Task instructions.
In the copy, keep every word of the data below and none of its pictures.

Supplied information.
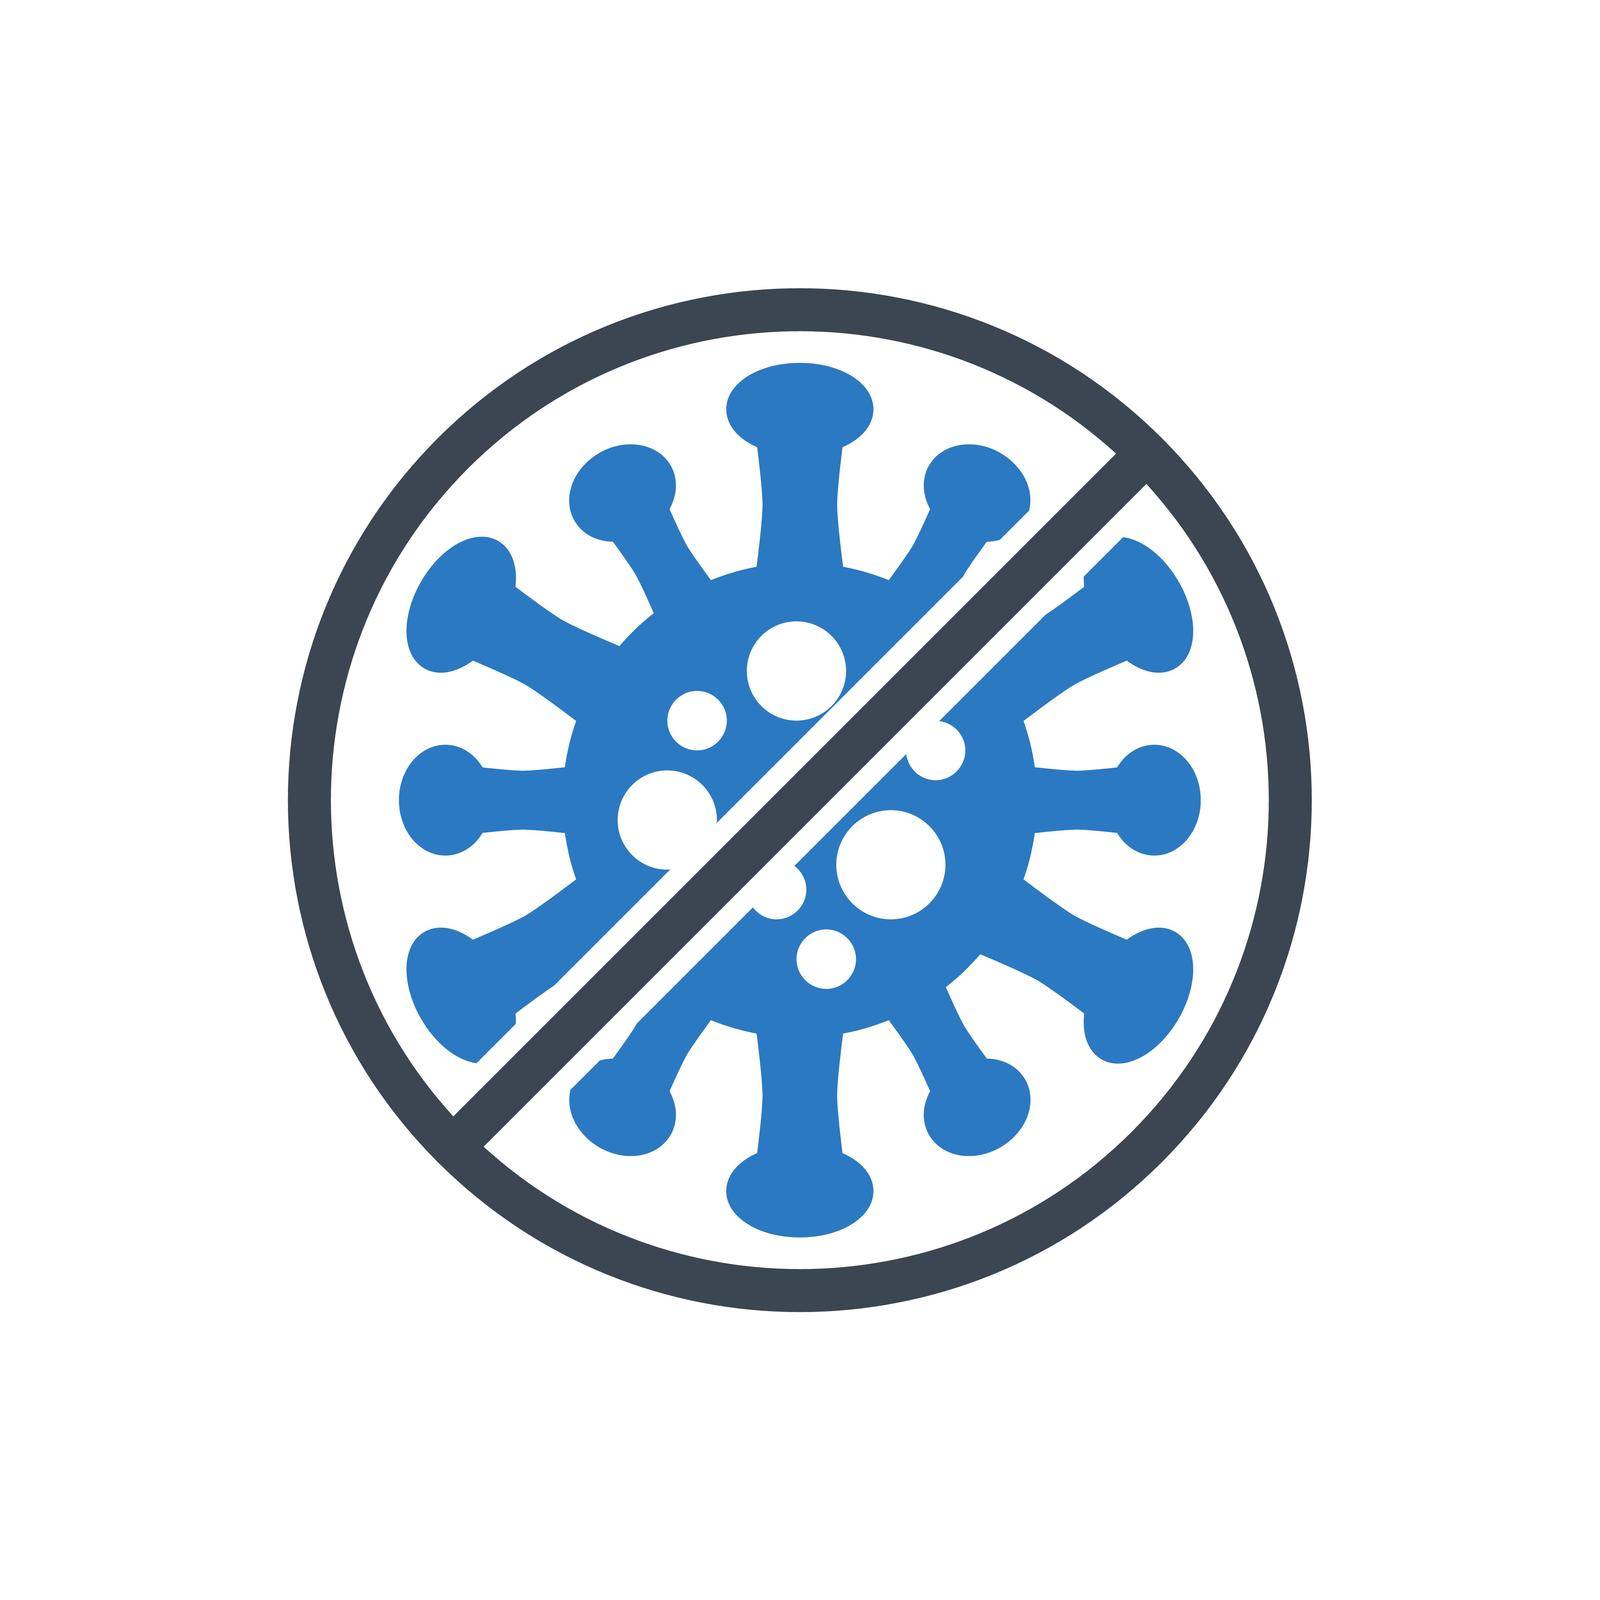 Anti Coronavirus related vector glyph icon. Virus COVID 19 in prohibition sign. Isolated on white background. Editable vector illustration
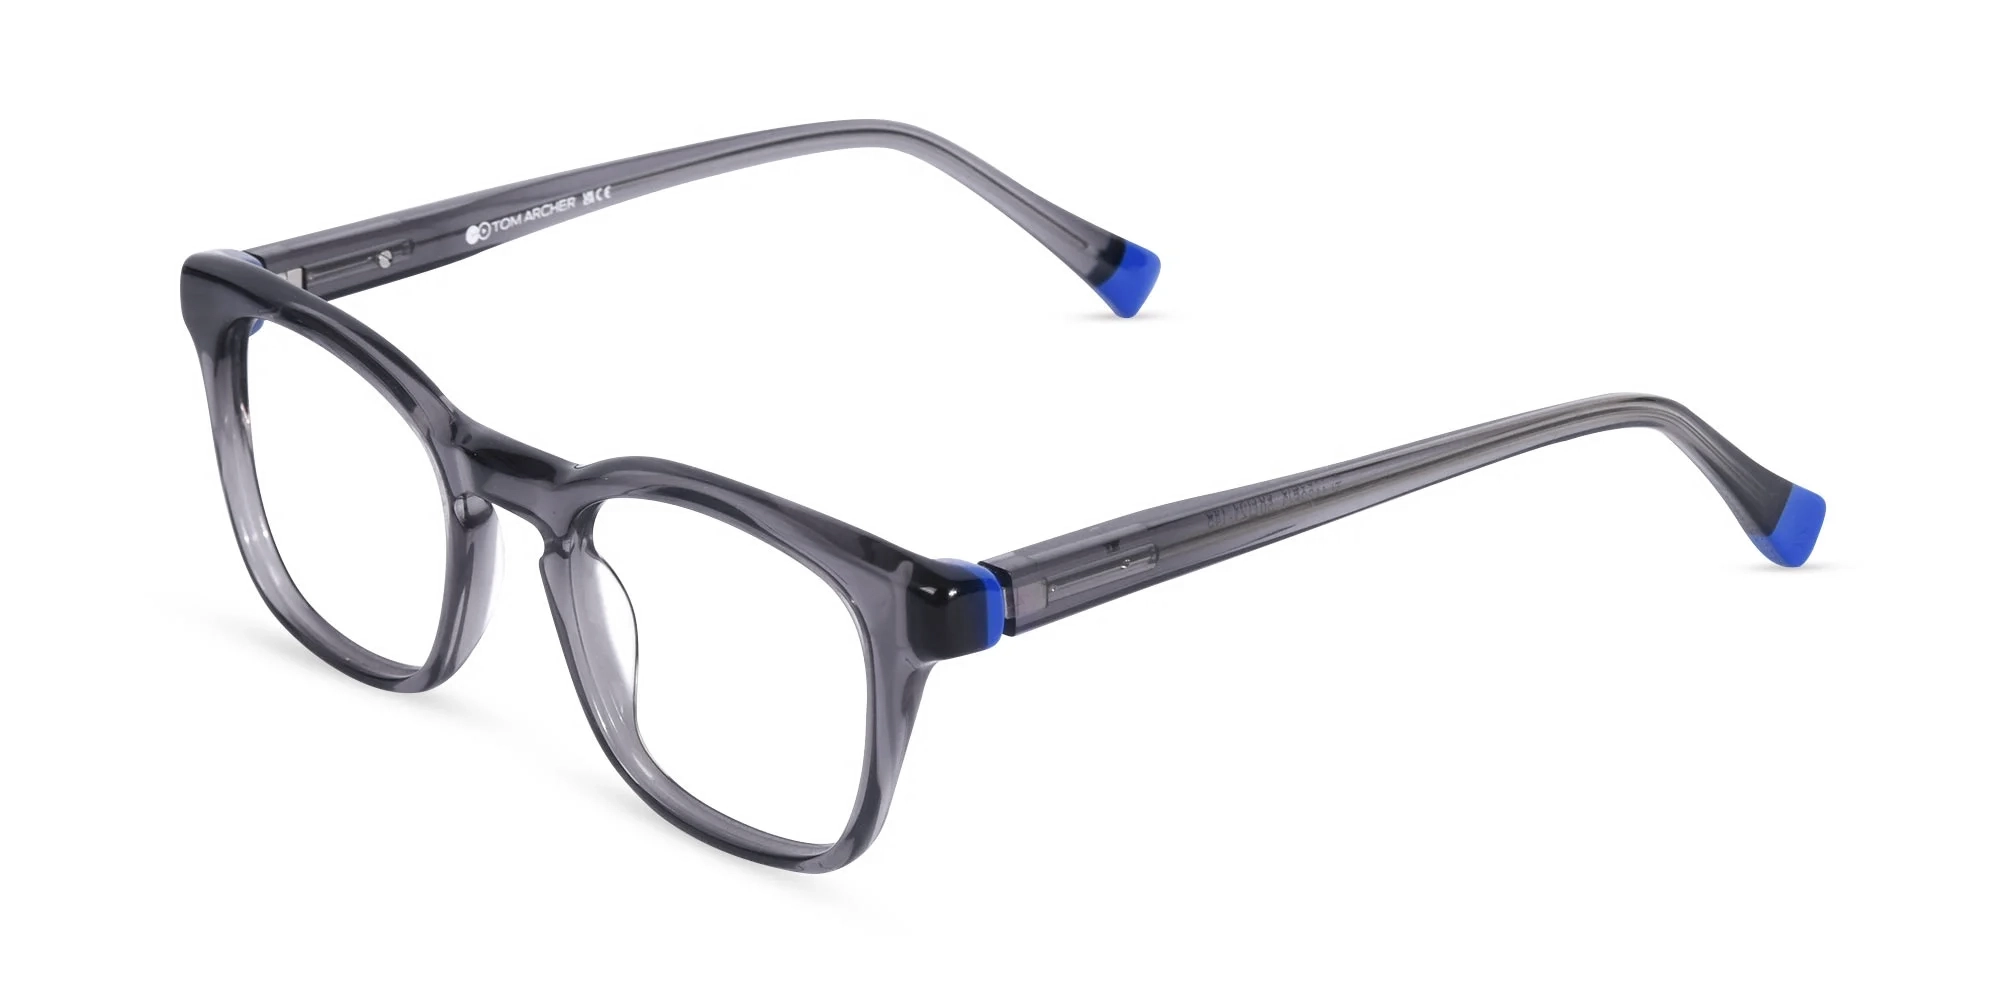 Charcoal Grey Square Glasses-1
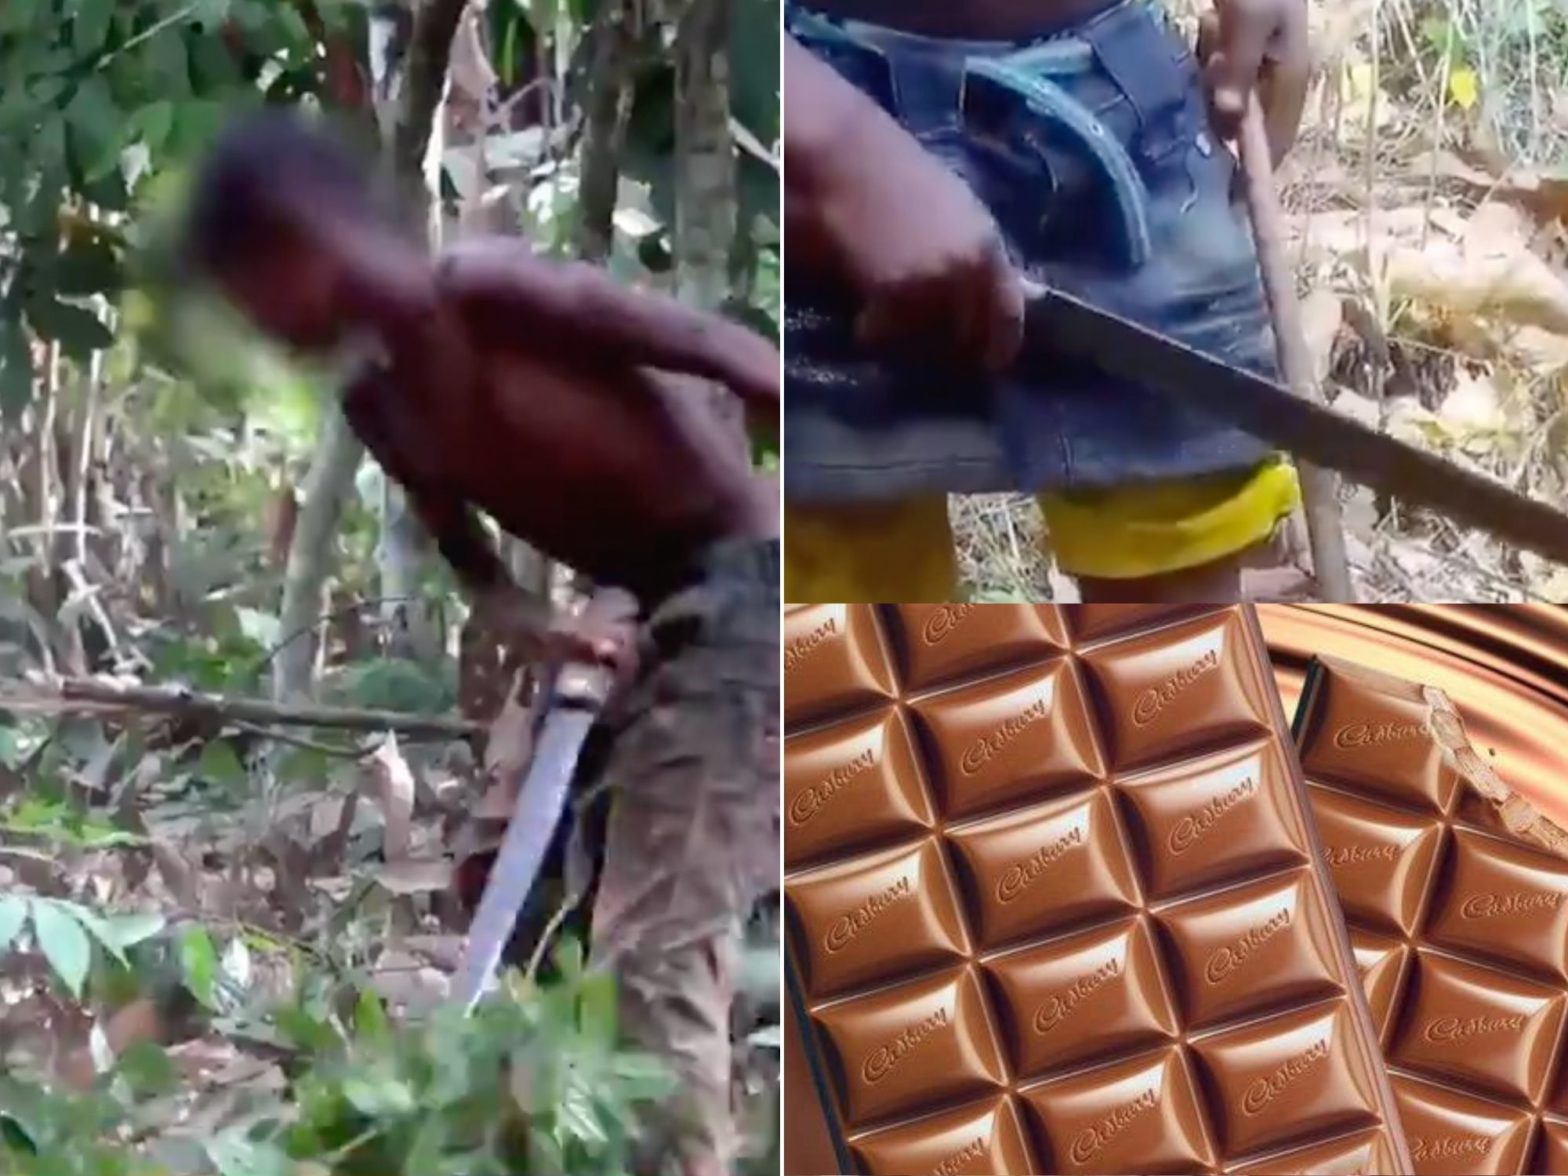 Cadbury company accused of using child labor on cocoa farms in Ghana

Solution.
 Anti Coronavirus related vector glyph icon. Virus COVID 19 in prohibition sign. Isolated on white background. Editable vector illustration
 Charcoal Grey Square Glasses-1
 Cadbury company accused of using child labor on cocoa farms in Ghana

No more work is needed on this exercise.